WHAT THE EXERCISE ASKS
In your copy of the data, include no pictures and alter nothing else.

───── SUPPLIED INFORMATION

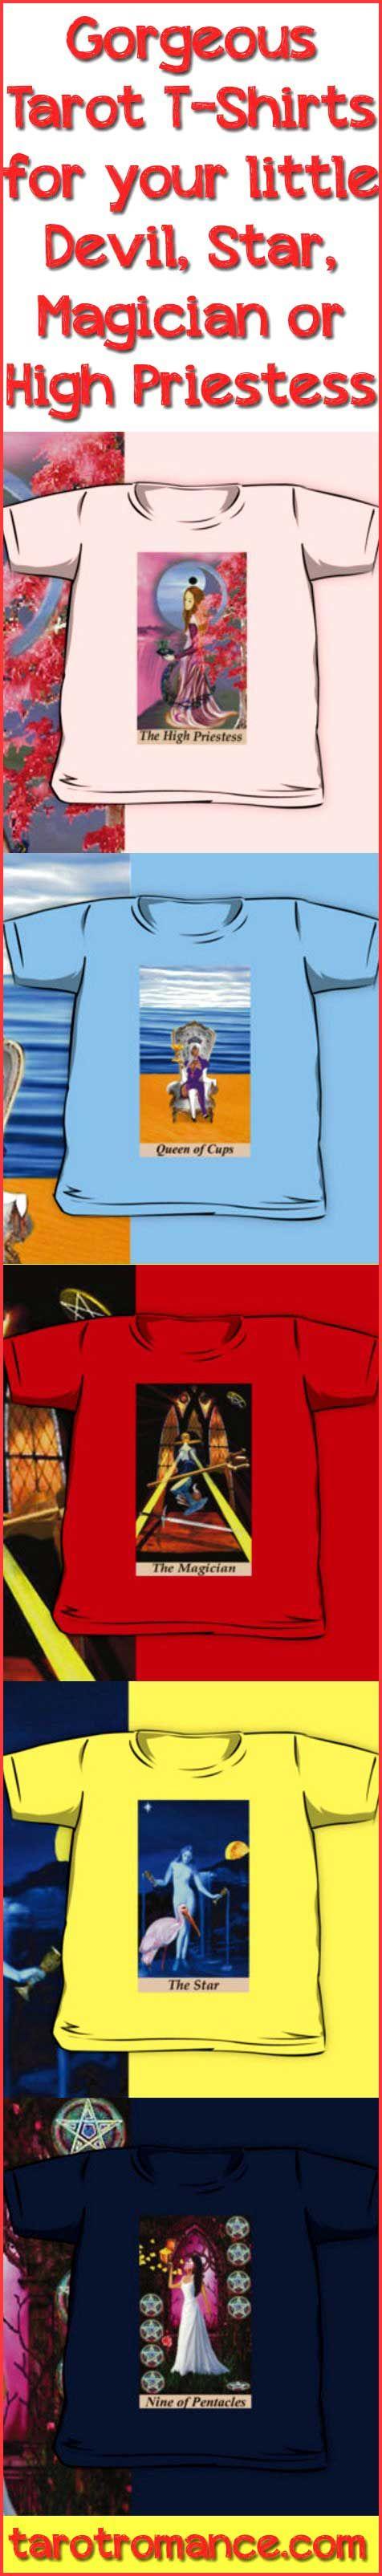 Children's Tarot T-Shirts for your little Devil, Star or High Priestess! #tarotcards
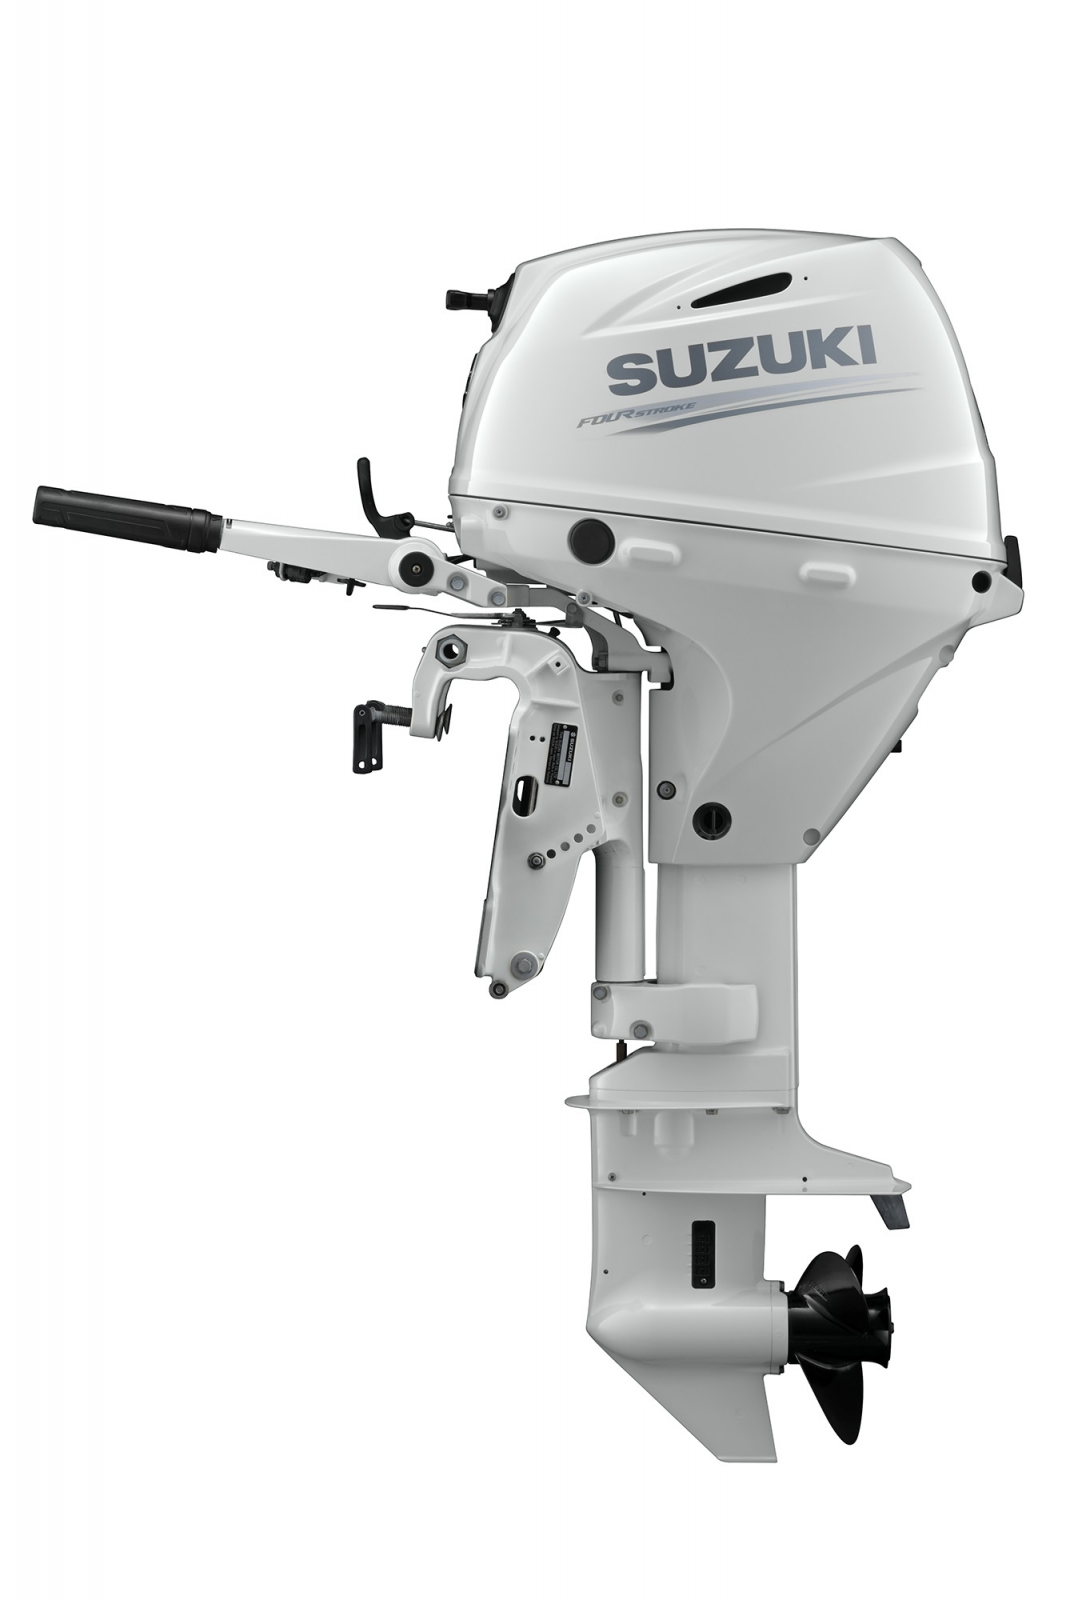 Modern Classroom Recorder By Suzuki ~ Suzuki announces even more additions to its outboard line
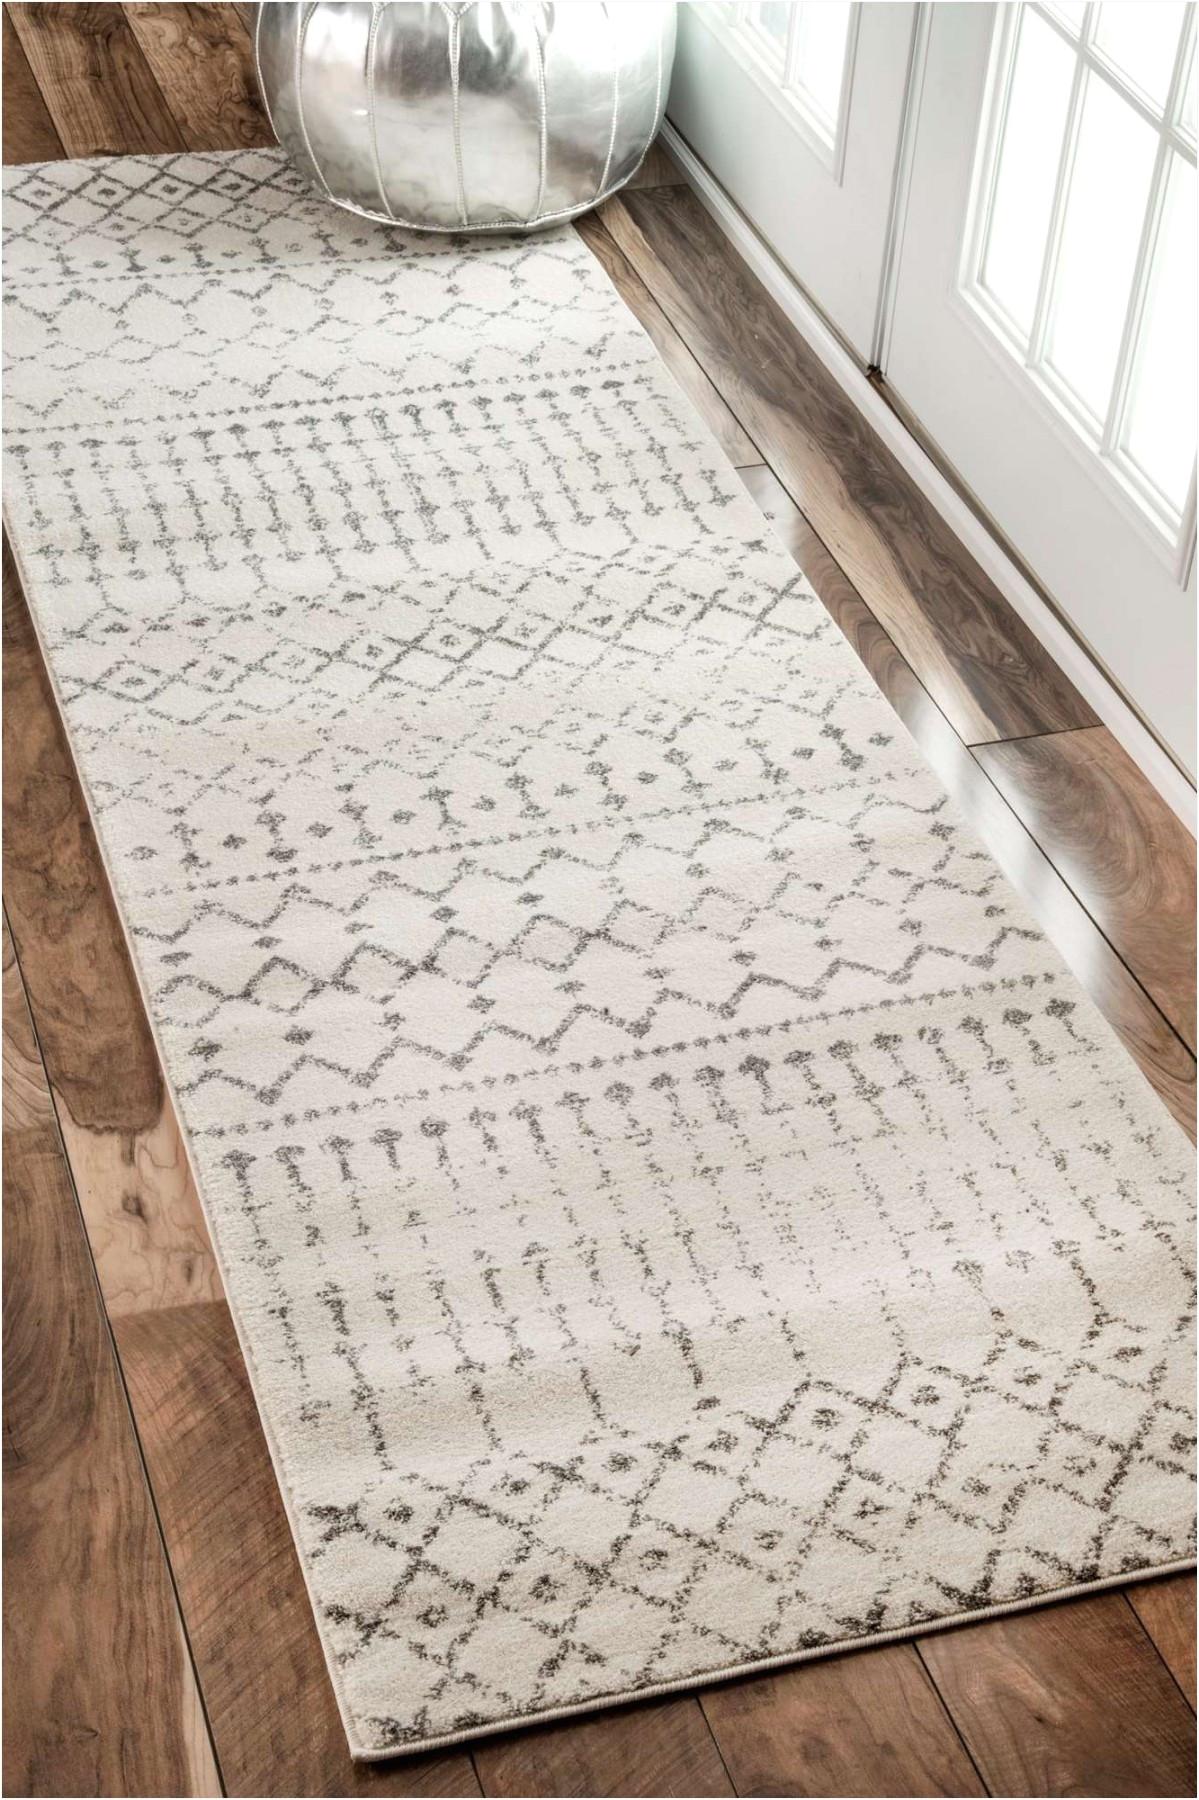 round area rugs kohl s best of elegant moroccan trellis area rug pics
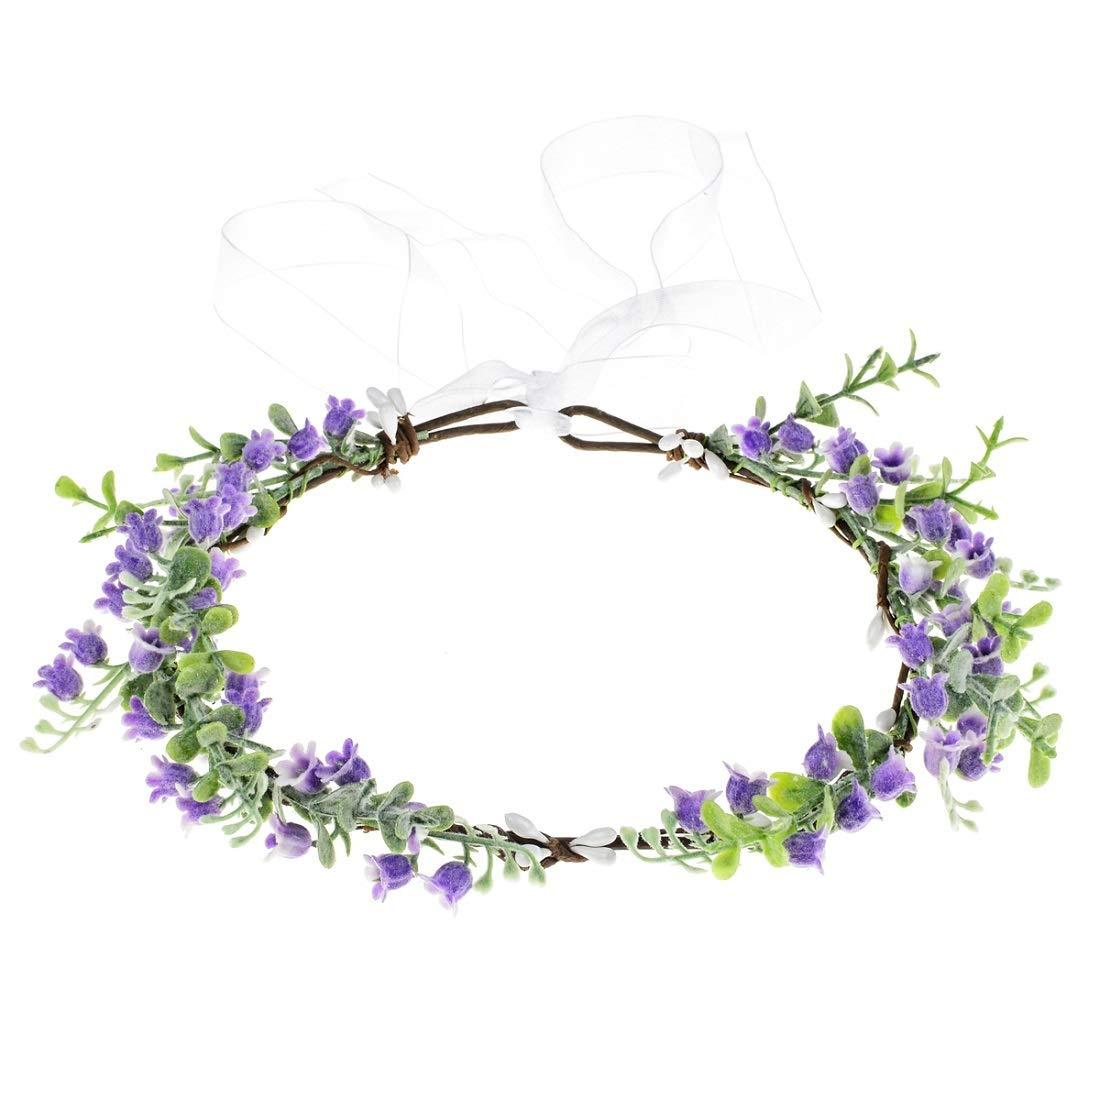 Vividsun Bridal Green Leaf Crown Bohemian Headpiece Floral Headband Photo Prop (purple)

──────────

EXERCISE OUTPUT
 Children's Tarot T-Shirts for your little Devil, Star or High Priestess! #tarotcards
 Modern Classroom Recorder By Suzuki ~ Suzuki announces even more additions to its outboard line
 round area rugs kohl s best of elegant moroccan trellis area rug pics
 Vividsun Bridal Green Leaf Crown Bohemian Headpiece Floral Headband Photo Prop (purple)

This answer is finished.